**Information supplied:**

··········

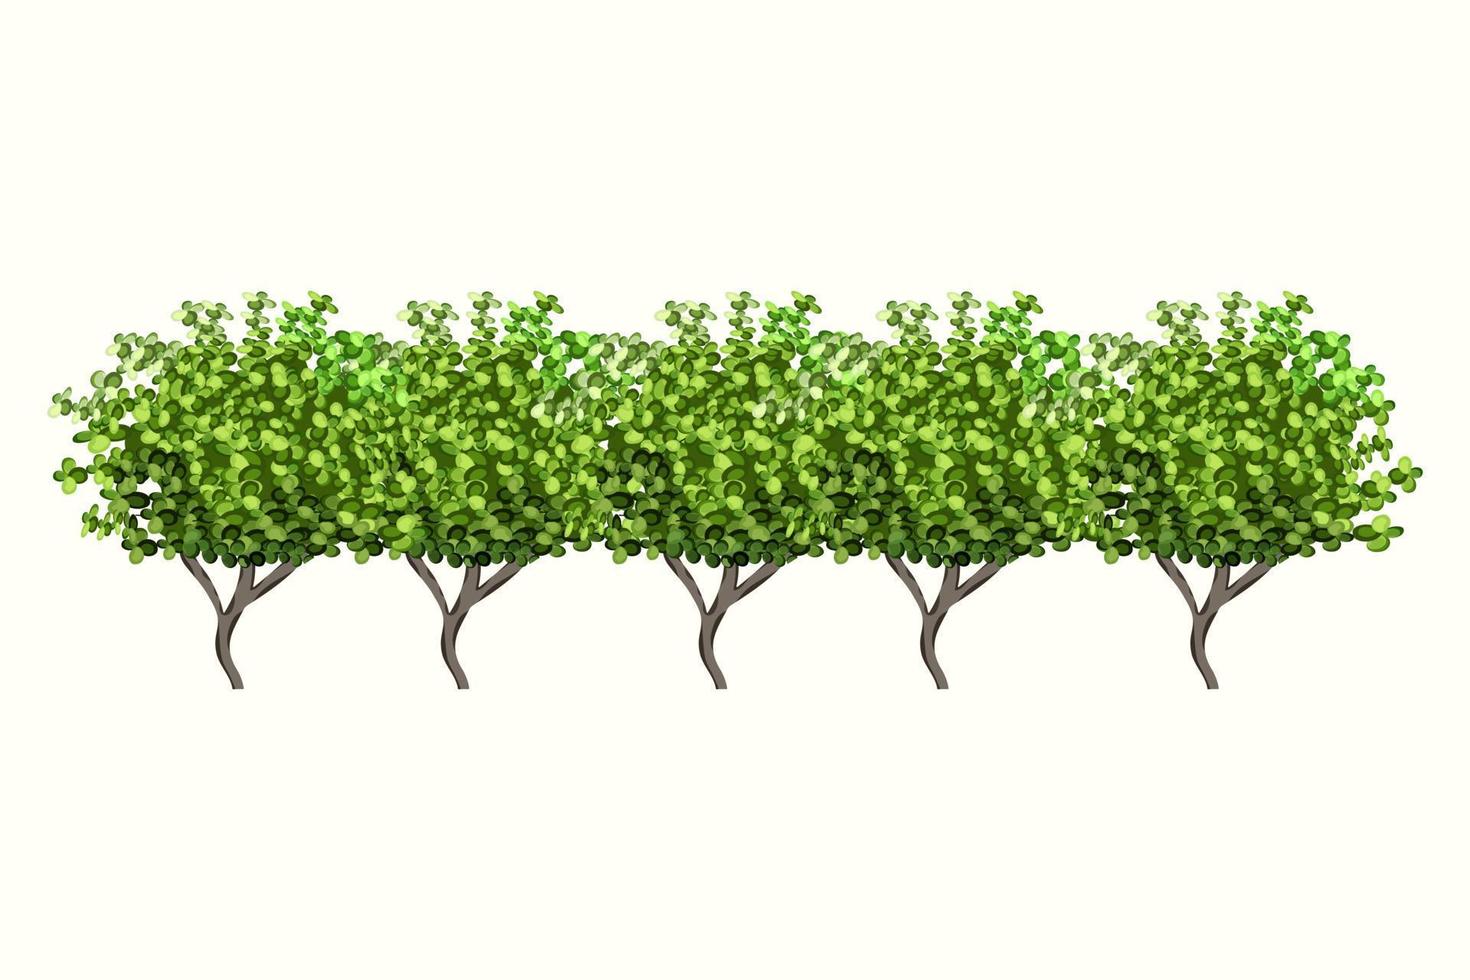 Planta verde ornamental en forma de seto.Arco de ivy.Arbusto de jardín realista, arbusto de temporada, boj, follaje de arbusto de corona de árbol. vector
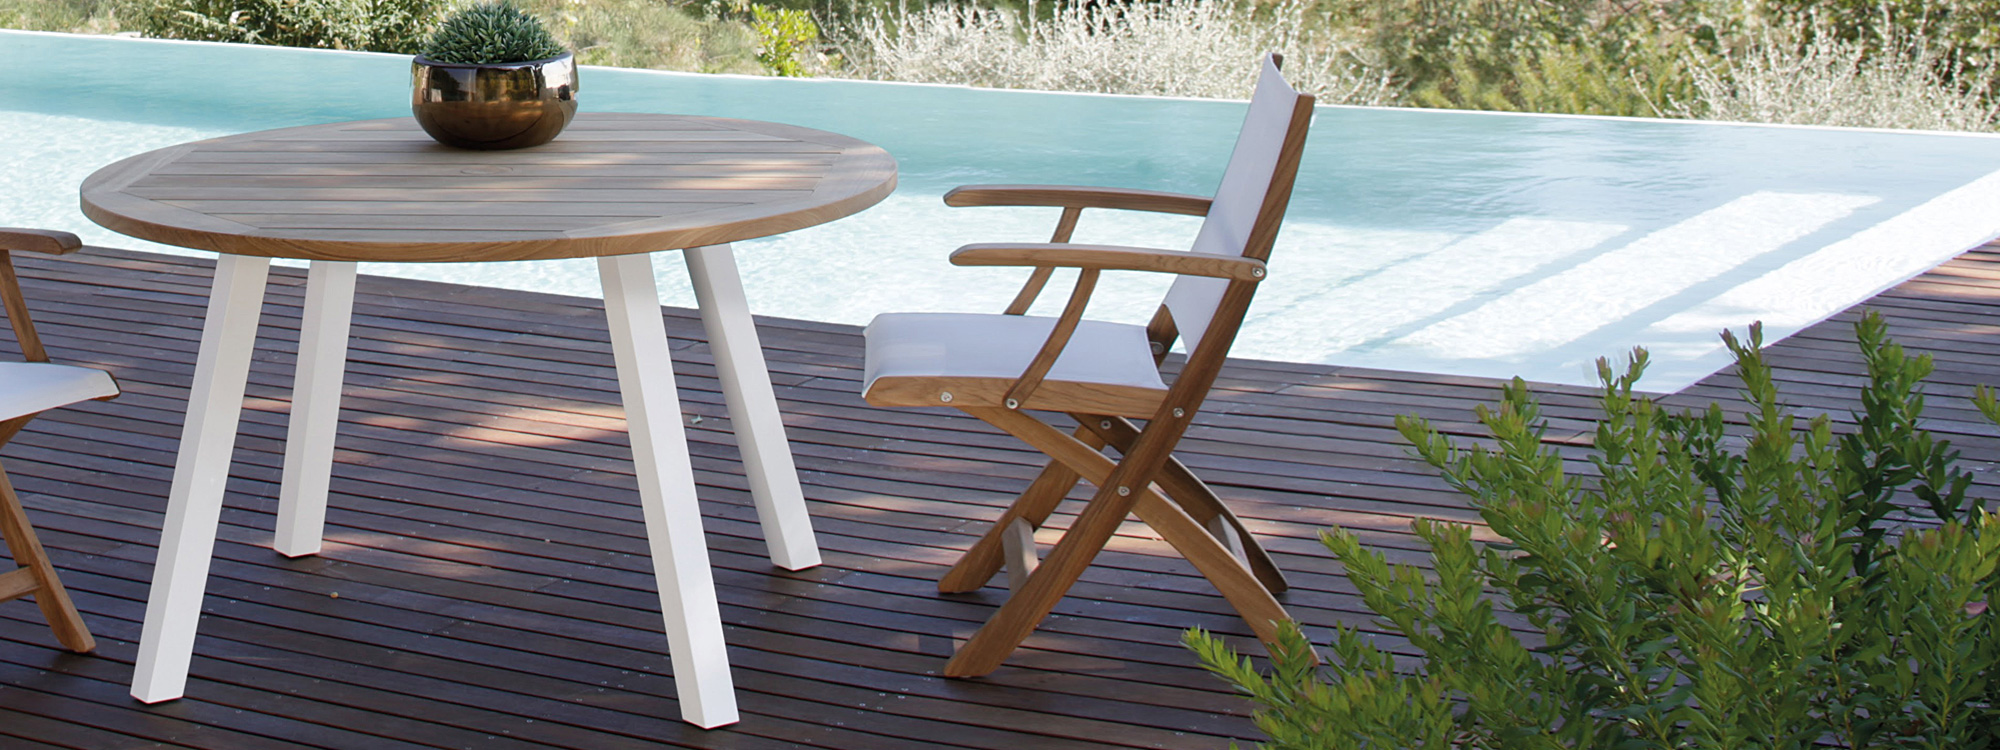 Royal-Botania-Round-teak-garden-table-three-white-legs-1.jpg
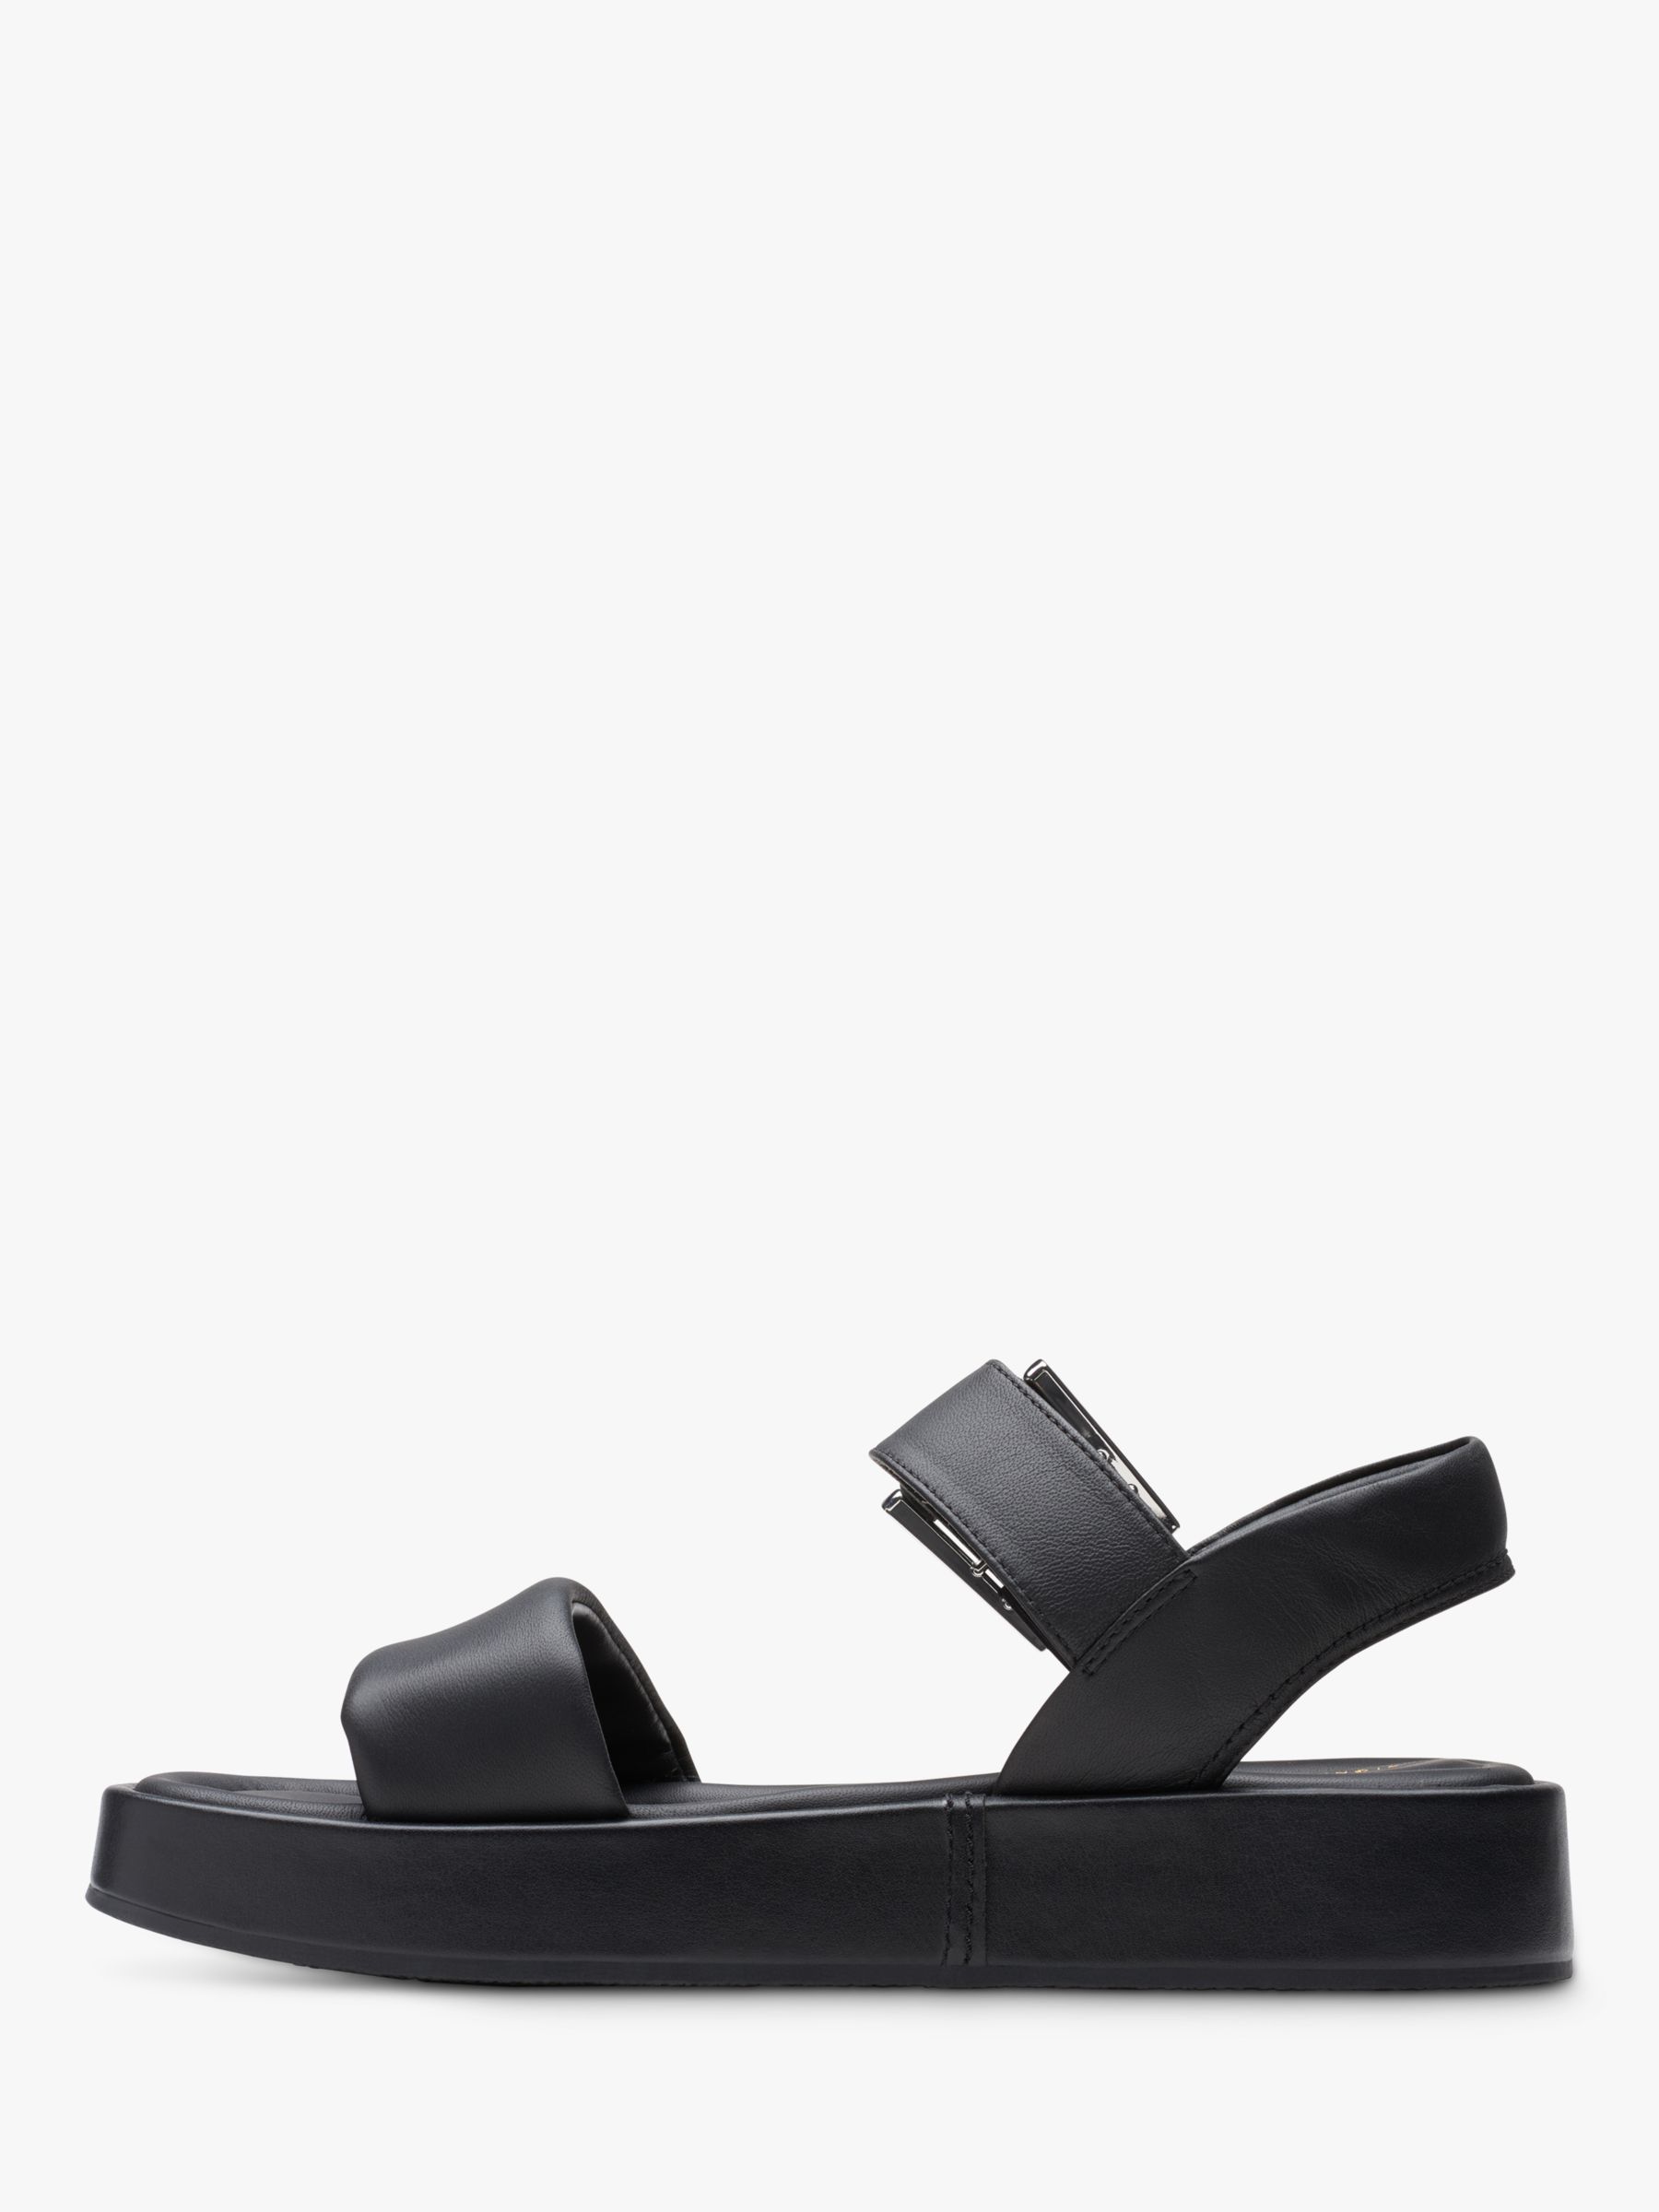 Clarks Alda Leather Strap Sandals, Black at John Lewis & Partners

··········

**Problem requirements:**
Each line above should be returned exactly as written, apart from any pictures.

**Completed task:**
 Planta verde ornamental en forma de seto.Arco de ivy.Arbusto de jardín realista, arbusto de temporada, boj, follaje de arbusto de corona de árbol. vector
 Royal-Botania-Round-teak-garden-table-three-white-legs-1.jpg
 Clarks Alda Leather Strap Sandals, Black at John Lewis & Partners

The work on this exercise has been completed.